The benign apps are from an online app platform (like Playstore) APKPure. The reason we use APKPure instead of Google Playstore is that APKPure is more scraping-friendly than Playstore: Playstore requires a google account to purchase the free app. We can use a sitemap of APKPure to sample our benign apps. More importantly, APKPure is an apk recommending site that consists of app pre-census steps by editors. It can reduce the possibility to get the malicious apps in our benign app samples. The malicious Android Application is from our private source to avoid the data be used in a malicious way.

With the Benign sample and the Malicious sample, we have both positive and negative labels in our classification task, then we will perform ML algorithms for binary classification.

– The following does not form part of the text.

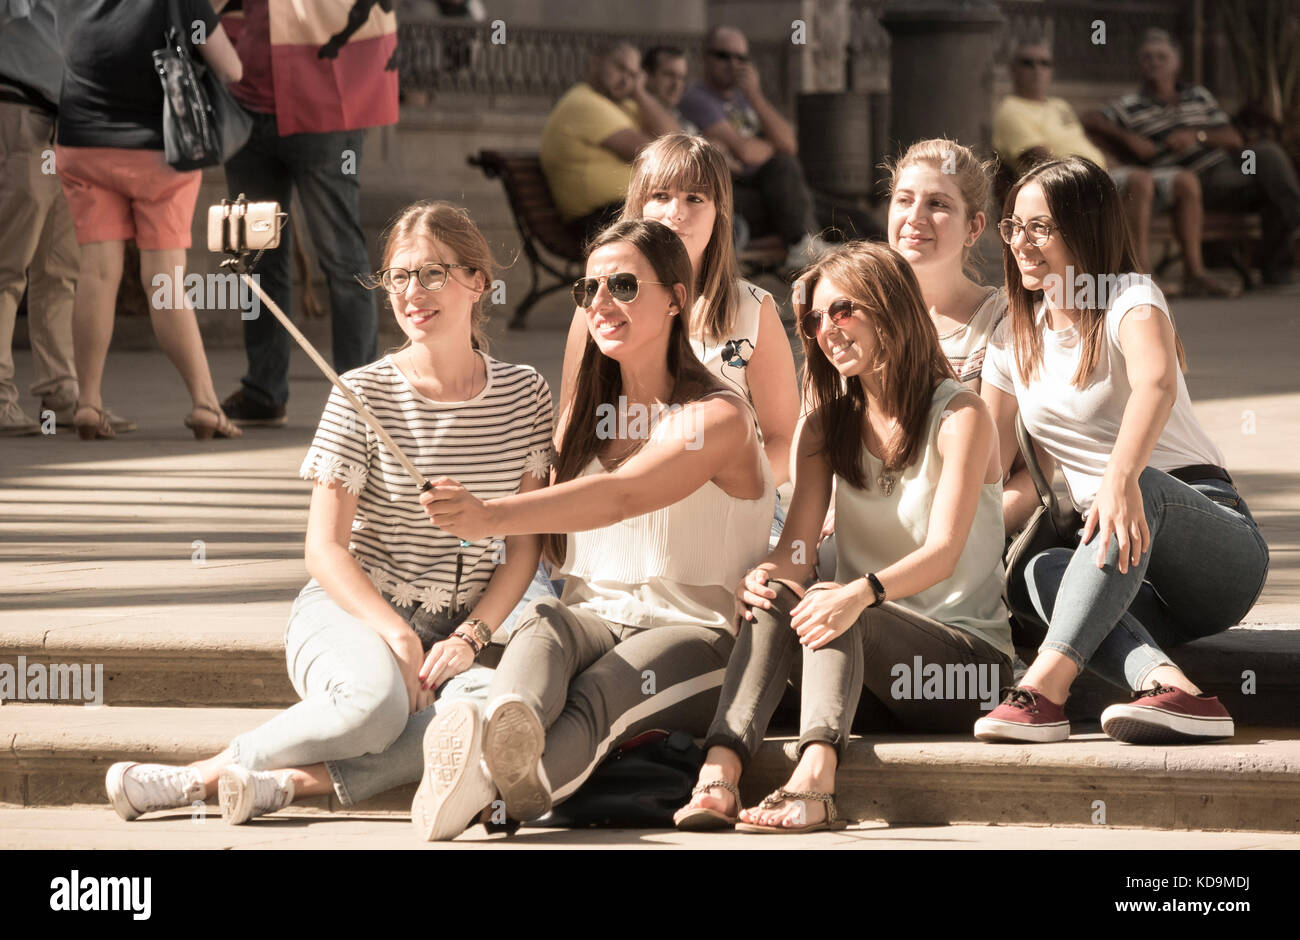 Group of young women taking selfie in Spain Stock Photo

While portions focused on learning graph techniques will also use examples from other languages (for example, python and java source code). Under folder utils, building utility functions to download apk and transfer apks smali code with python

Pros

• Using Small as our data is appropriate with following reasons:
  • perform the static analysis is a novel and secure way to perform malware detection. Rather than traditional detection on apks by running in a virtual machine or actual machine, it will not execute the apks. In this way, we can prevent the malware from actually damage our personal devices while we do malware detection.
  • perform the static analysis is an efficient way to process large tasks when we want to perform mass malware detection over apps, not only in personal use but also in business use. Rather than detecting the malware by running the file, we scan through the code.
  • perform the static analysis is more robust with iteration. Iteration by feeding in new data and tuning parameters, the classification task will follow the trend of malware and detect them precisely.
• Using APKPure as our benign data is appropriate with following reasons:
  • APKPure is a secondary app store rather than Playstore, which has significantly less census on app release. Thus, APKPure’s samples are more trustworthy and can be good positive samples.
  • APKPure is scratching-friendly. Compared to Playstore, which requires a google account to download and purchase apps, APKPure does not require an account to download apks. Moreover, APKPure provides a sitemap on the robots.txt. We can use the sitemap to easier sample our dataset.
• The benign Android Application and Malware samples are a good match to solve our classification task. As mentioned above, APKPure
  • With a balanced of positive and negative samples of apk, we can build a robust classifier to identify malware and benign apps.

Cons

• Limitation of Benign Sample
  • Although APKPure is more trustworthy than Google Playstore, it is still questionable that every app in APKPure is benign. If a large number of our positive samples are negative, our classifier will be less robust even invalidated. We must aware of the shortcoming that not every app in APKPure is benign.
  • Since we can only download the free app from APKPure, there is a big limitation of our data design: we cannot access the paid apps, which is far away from our real-world scenario. Despite the low malware possibility of paid apps, we cannot neglect the sample of paid apps.
• Limitation of Malicious Sample
  • The apps from APKPure are updated over time, but our malicious sample is from a historical database. There is a time gap between our Benign sample and the Malicious sample, and it is not easy to keep the malicious sample updated.
  • The malicious sample is much less than the benign sample. It is not easy to make two samples balanced.
• Limitation of Only Detecting API calls
  • Our paper only targets API calls, their exit malicious apps contain non-suspect API calls, which cannot be detected by our classifier. Also, the paper neglect to analyze the relationship between each method and class.
  • The repeated use of a specific API call will not feed into the feature extraction of the paper, which will lead to an inaccuracy of the classifier.

Past Efforts

• Traditional Approach
  • The traditional approach of malware detection or security threats is to scan the signature of the apps compares to the database of identified malicious apps. This approach is harder to iterate because it requires to keep update the malware database.
• Dynamic Analysis
  • Others using dynamic analysis to perform malware detection. Because this method requires an active virtual machine to run the apps, it may have security concern and it is more computationally heavy.
• Static Analysis
  • Rather than extracting API calls using a structured heterogeneous information network, some constructed similarities between apps with ML to identify malware.

Data Ingestion Process

Data Accessibility

• Data Original
  • Benign Android Application from APKPure
  • Malicious Android Application from our private source.
• Legal Issues

  • According to APKPure’s Term of Use it specifies APKPure’s data is only for personal use. Since our project is a personal capstone project without a commercial purpose. We are free of legal Issues in data use.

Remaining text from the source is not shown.